Talking about the conflict between Islam and democracy, it is needed to compare the main sources: the Qur’an for Islam and the Charter of the UN (a “superlaw”) for democratic nations, which was signed by the majority of Muslim states. Therefore they found themselves ruled by two contradictory laws
-> Charter of the UN (based on freedom of thought) v. shari’a (based on ta’a, obedience).

Haguza, in the stories for children, is a monster you hear about but no one has ever yet seen it. It is the paradigm of everything people don’t know and is at the same time frightening. The UN Charter, for most Muslims, is like Haguza: even if it was signed, it has never entered the public schools and still remains an “invisible object”, unknown for the majority of people and in some way feared.

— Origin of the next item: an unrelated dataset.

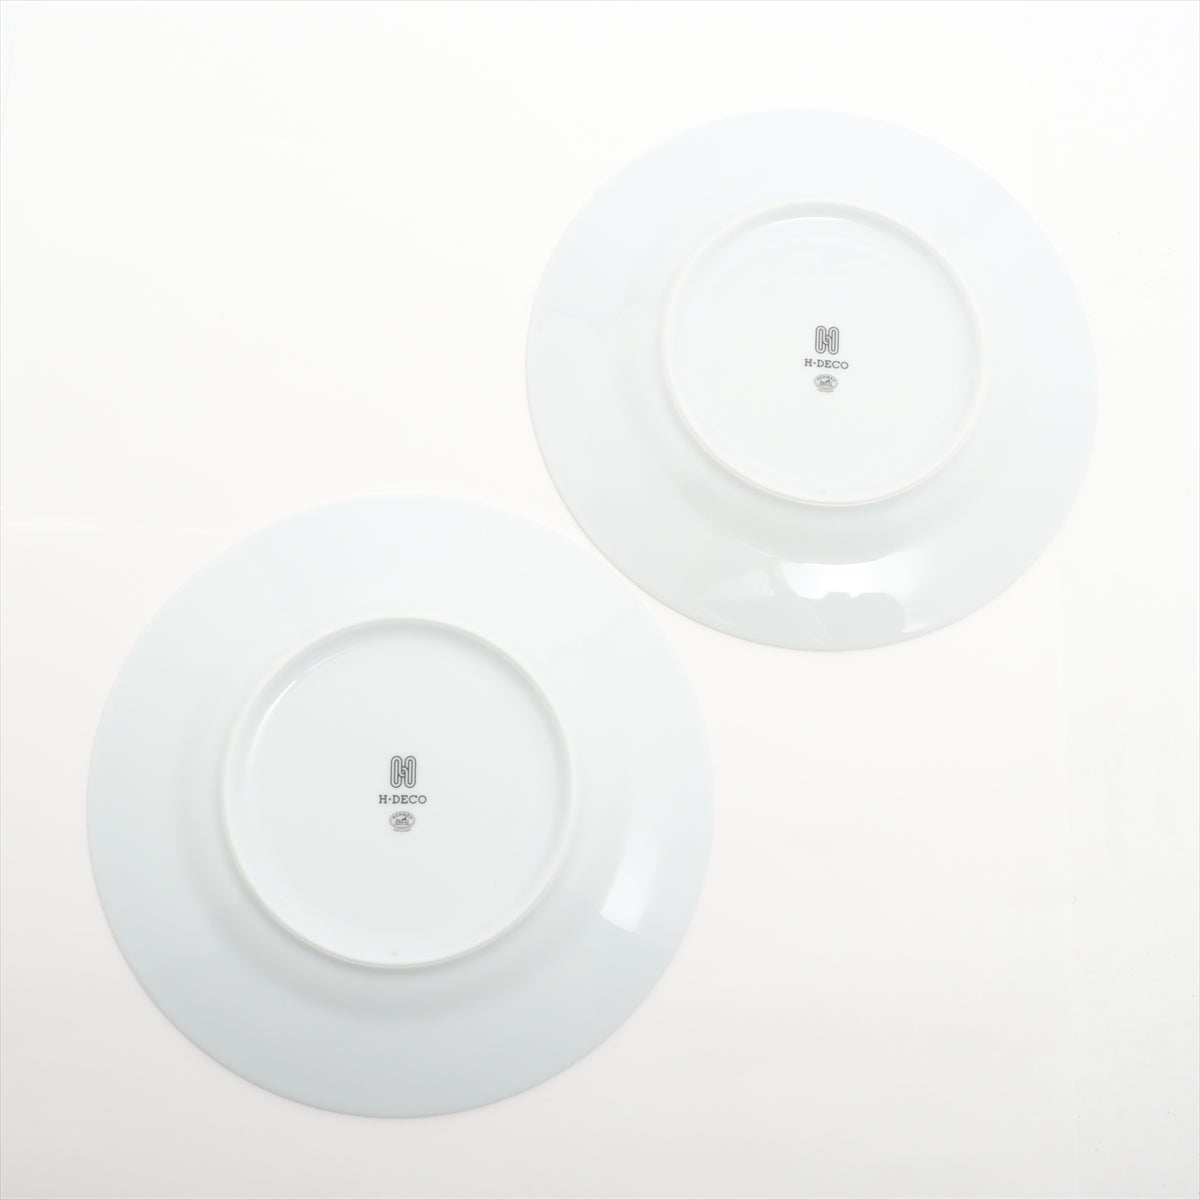 Hermès H deco Pair plates 23cm Ceramic Black × White

The UN Charter (signed in San Francisco in 1945) had many Muslim countries as its original members, while others became part of it after their national independence, accepting the obligations of the Charter, including its superiority to all local laws.
The adoption (in 1948) of the Universal Declaration of Human Rights could have been the occasion to initiate a debate on freedom of thought and religion. However, most Muslim countries decided to “hide” these general laws and to renounce to promote the secularization of the state. There was no public explanation of the principles of participatory democracy, and this allowed many Presidents to stay in charge for an indeterminate period (like Kings).
This was (and still is) the approach of fundamentalists, who think that Islam needs a “totalitarian” system of control to be successful, as if it had nothing to offer to modern people. On the contrary, as Judaism and Christianity, it has to flourish in a secular state through the principle of tolerance.

Many Muslim states used amendments and reservations to the UN Charter (and following conventions) to avoid that citizens could ask for freedom or equality: they wanted their religious rules not to be called into question, creating a lot of confusion about the real meaning of the text. This shows Arab states’ radical rejection of the principle of equality. They needed to sign the Chart, but they couldn’t admit that shari’a was inconsistent with it. So they tried a formal balance through reservations, but it is only a masquerade to reaffirm the principles of ta’a (obedience) and ra’y (personal opinion).

Television might have been an ideal instrument for explaining the content of the Charter (also because American films are very diffused in the Middle East), but it wasn’t so. Only at the end of the 1980s it was possible to learn about human rights and freedom of opinion thanks to the efforts of intellectuals and university students. Ignorance is the main enemy of development: it is one of the consequences of “government fundamentalism”, i.e. the official culture that serves as a barrier against democratic education. This attitude, combined with the numerous religious TV programmes, led Arab countries to confusion and intolerance.


For Arabic people, words as ra’is (head) or malik (king) are traditional words. However, they are not used to ra’is al-jumhuriyya (president of the republic).
Jumhuriyya makes reference to the majority of people and to a wide consensus by a collectivity, but it says nothing about the limits of the power -> the focus is on the head of state (differently from the Latin meaning of res publica), which is vertically superior, a “master of the people”, and not on the limits of his power. Such an interpretation definitively erases any reference to plurality and democracy, going away from the real meaning of “republic”.